While this article is written more to the tune of Lake Tanganyika, one of the Rift Lakes in Africa, I hope that even for those not interested in the Rift Lakes, that they will be able to take away a better understanding of what pH is and how it affects our fish.

As we all have been, I was a newbie once. Standing in awe at the LFS looking in wonder at all the products available to me. Thinking “Wow, fish keeping can’t be that hard, just look at all the nice, overly priced chemicals that the wonderful company’s have made just for me.” Well, guess what.
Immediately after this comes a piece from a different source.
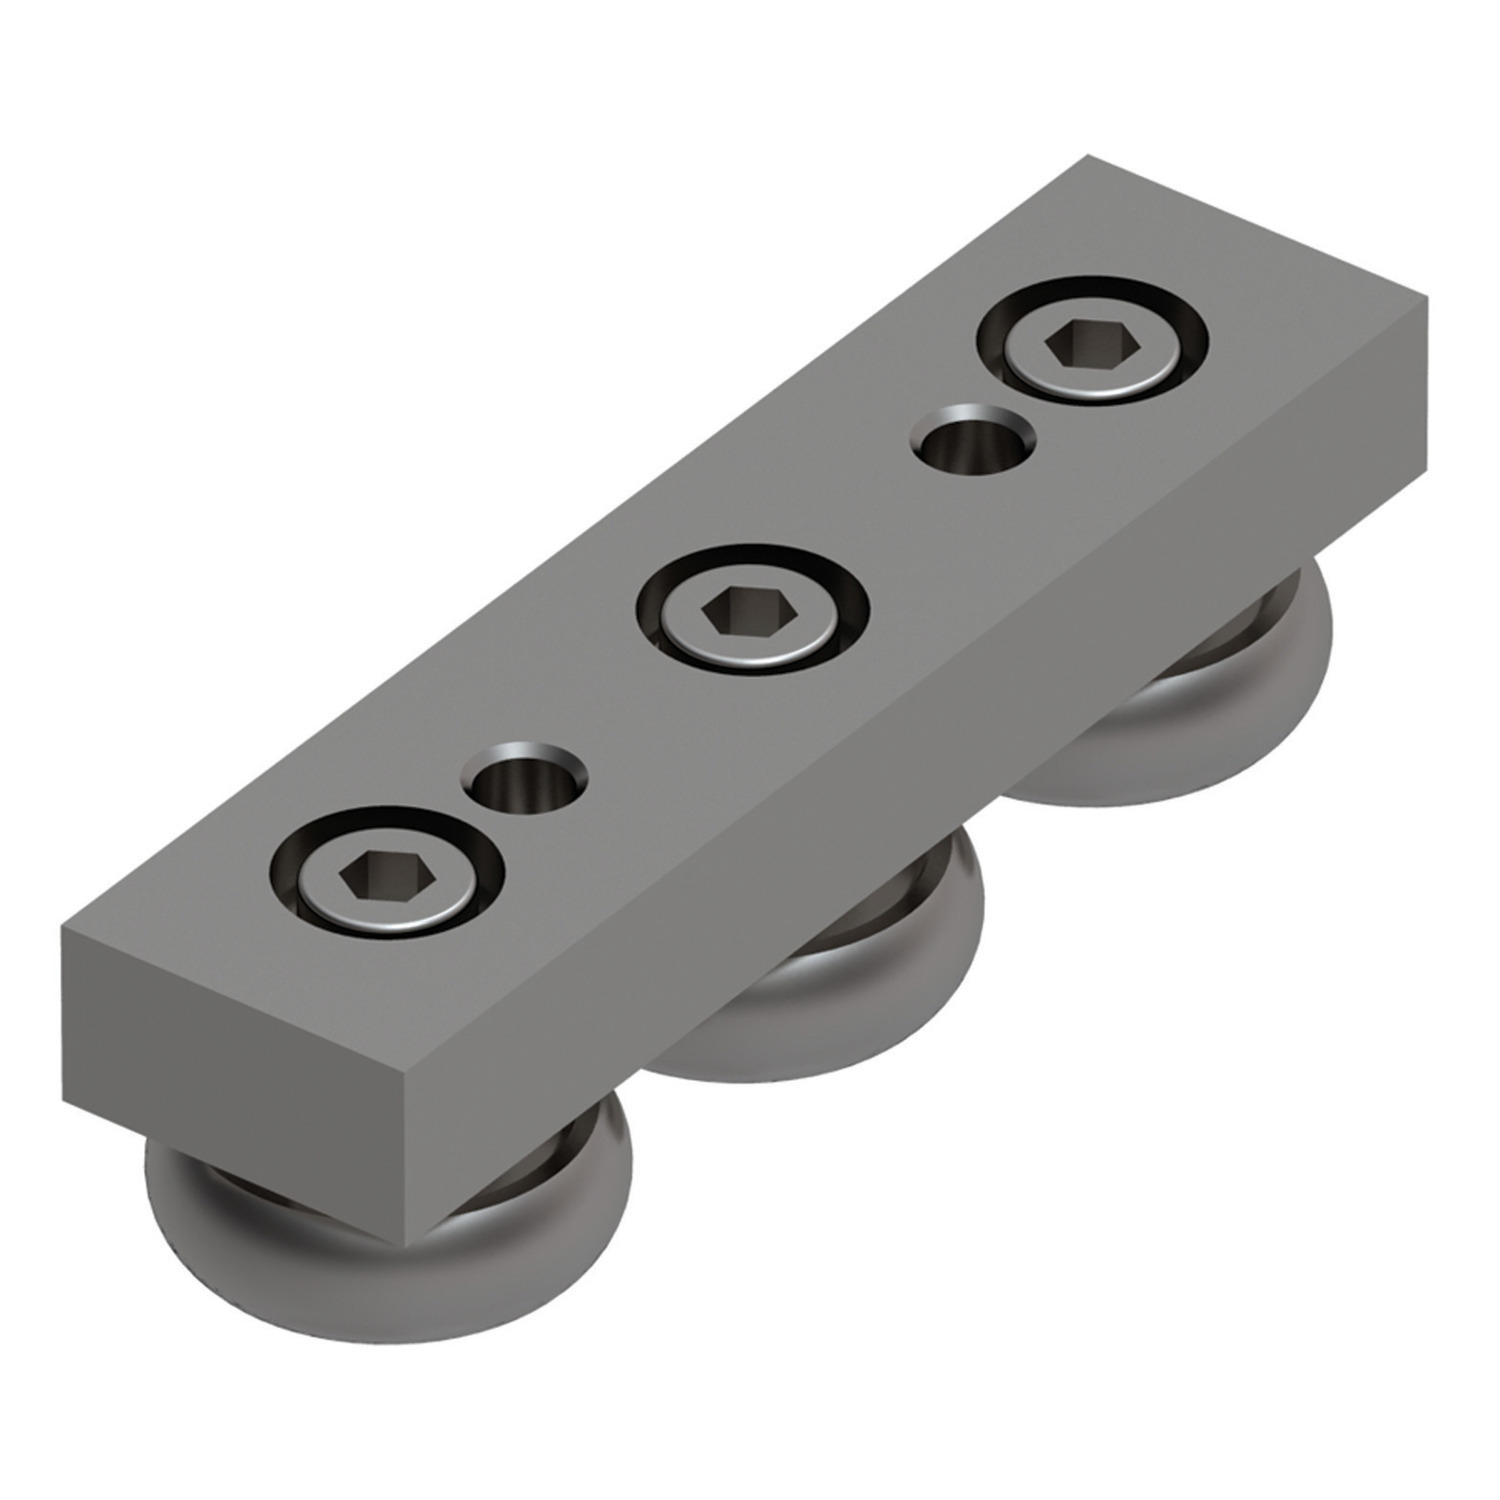 Low Cost Rails Solid bodied sliders made from zinc plated steel.

There are more products on the market today intended to part an inexperienced aquarist with their money that those that are useful. Aquarium companies exist to make money. Your Local Fish Store (LFS) is there to make money. Do you really think that they can survive on the sale of $.99 danios alone? Nope. That’s why they make, and often sell some very useless products. The water where you live has a natural pH, and any attempt to alter it is an effort in futility without being armed with the proper knowledge and know-how.

Lake Tanganyika
Yeah, I’m a little bias to this lake of all the rift lakes in Africa. This is where I find that the most amazing fish live. Lake Tanganyika has some of the most widely diversified cichlids found anywhere on Earth. While this lake is not the only place in Africa, or even Earth, you will find fish from this family, the species here have been isolated for millions of years and have evolved to take over the lake, and remains its rulers. The pH of the lake has been recorded above 9.5. Most of the Lake also has very hard water, with General Harness (GH) in the high twenty’s, and Carbonate Hardness (KH) in the high teens/low twenty’s depending on the location of the water sample tested.
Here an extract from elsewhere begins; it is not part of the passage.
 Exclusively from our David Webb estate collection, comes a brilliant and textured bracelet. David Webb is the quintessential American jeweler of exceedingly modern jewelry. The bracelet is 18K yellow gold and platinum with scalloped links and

I have kept cichlids from Lake Tanganyika for some time now. At first I was more than happy to do my part to replicate the natural water conditions from which the fish came from. Then I became lazy, and thought that it wasn’t necessary to do this, that my fish look fine, seem healthy and are breeding. Remember, surviving isn’t always thriving. Keeping your pH high for Rift Lake cichlids is, in this authors opinion very important, and luckily isn’t a difficult task to do, but it does take great patience, and a willing mind to do it properly. It is certainly not for those ‘Lazy’ hobbyists among us.

But before we go much further, we need to learn exactly what all these numbers, strange abbreviations, and test kits mean. Why are they important to us, but more importantly, why are they important to our fish.


What is pH?
PH is the measurement of the acidity and alkalinity of a substance. For the purpose of this article, we will stick to the pH of water. The pH scale goes from 0-14. 0 is very strong acids, where 14 is absolute alkalinity, and 7 being neutral. The pH scale is what’s called a logarithmic scale. Meaning that each whole increment is 10 times more, or less than the next or previous unit. So a pH of 8.0 is 10 times more alkaline than a pH of 7.0. And a pH of 6.5 is 5 times more acidic than 7.0. Here we can see why acclimating a fish to a new pH slowly is so important.

KH and GH
What does these numbers have to do with pH? A lot! This is the measurement of the hardness of the water. Hardness is the measurement of the degree of dissolved minerals found in water. The more dissolved minerals, the harder the water. The less, the softer the water.

Unlike the pH scale, which is universal, hardness can be measured in two ways. Degrees (dH), or parts per million (PPM). These are the most common ways to express hardness, with measurements in degrees being most common and widely used among aquarist. This table gives a brief look at what is considered ‘Soft’ water and ‘Hard’ water.




The kH of an aquarium can often times be related back to the pH of the water. The higher the kH, the higher the pH. But please keep in mind, that this is not always the case. The kH is actually the measurement of the waters alkalinity. This alkalinity measurement can tell you about the water’s buffering capacity. The higher the kH, the more able the water is able to withstand addition of acid compounds into the water, keeping the pH stable. In soft water you are less likely to find such a buffer, and the pH can change much easier, for the good or for the bad.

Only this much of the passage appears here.